There are many different causes of diarrhoea, but a bowel infection (gastroenteritis) is a common cause in both adults and children.

Gastroenteritis can be caused by:

  • virus – such as norovirus or rotavirus
  • Bacteria – such as campylobacter and Escherichia coli (E. coli), which are often picked up from contaminated food 
  • parasite – such as the parasite that causes giardiasis, which is spread in contaminated water

These infections can sometimes be caught during travel abroad, particularly to areas with poor standards of public hygiene. This is known as travellers’ diarrhoea.
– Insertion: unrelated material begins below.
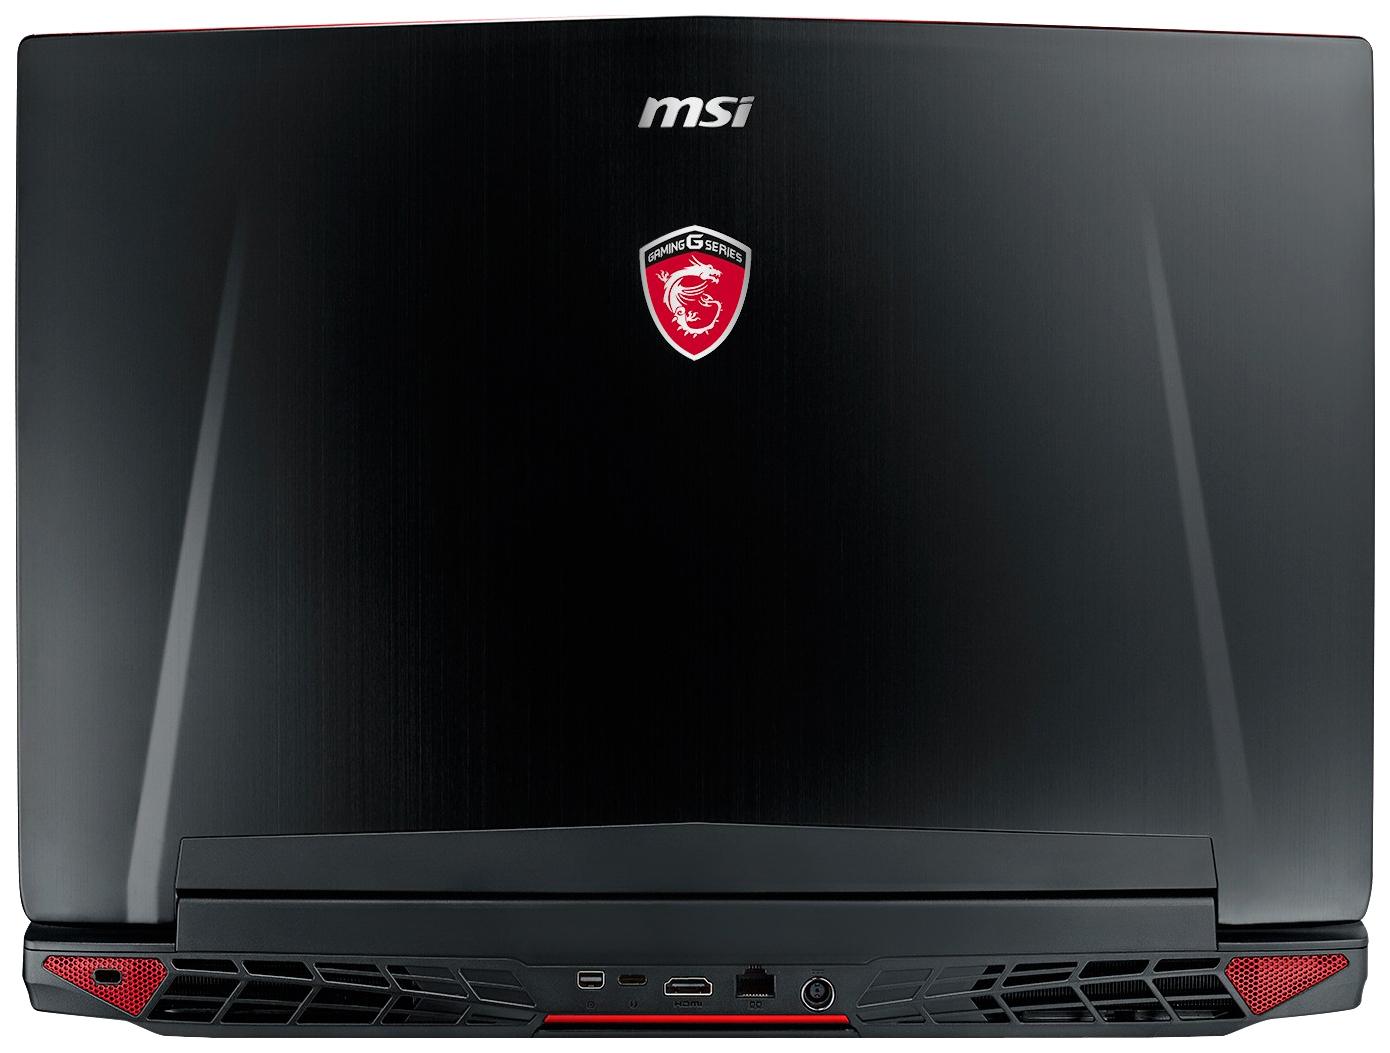 Ноутбук MSI GT72S 6QE-1043RU Dominator Pro 4K 9S7-178211-1043

Diarrhoea can also be the result of anxiety, a food allergy, medication, or a long-term condition, such as irritable bowel syndrome (IBS).

Treatment

Most cases of diarrhoea clear up after a few days without treatment, and you may not need to see your GP. There are some things you can to help speed up the process of feeling better:

  • You should drink plenty of fluids – small, frequent sips of water – until diarrhoea passes. It’s very important that babies and small children do not become dehydrated.
  • Your pharmacist may suggest you use an oral rehydration solution (ORS) if you or your child are particularly at risk of dehydration.
  • You should eat solid food as soon as you feel able to. If you’re breastfeeding or bottle feeding your baby and they have diarrhoea, you should try to feed them as normal.
  • Stay at home until at least 48 hours after the last episode of diarrhoea to prevent spreading any infection to others.

 

 

When should you see a GP?

It’s important to see your GP if the diarrhoea is particularly frequent or severe, or associated with other symptoms, such as:

  • Blood in your or your child’s stool
  • Persistent vomiting
  • A severe or continuous stomach ache
  • Weight loss
  • Signs of dehydration – including drowsiness, passing urine infrequently, and feeling lightheaded or dizzy
  • Your stool is dark or black – this may be a sign of bleeding inside your stomach

You should also see a GP if you or your child’s diarrhoea is particularly persistent, as this may be a sign of a more serious problem.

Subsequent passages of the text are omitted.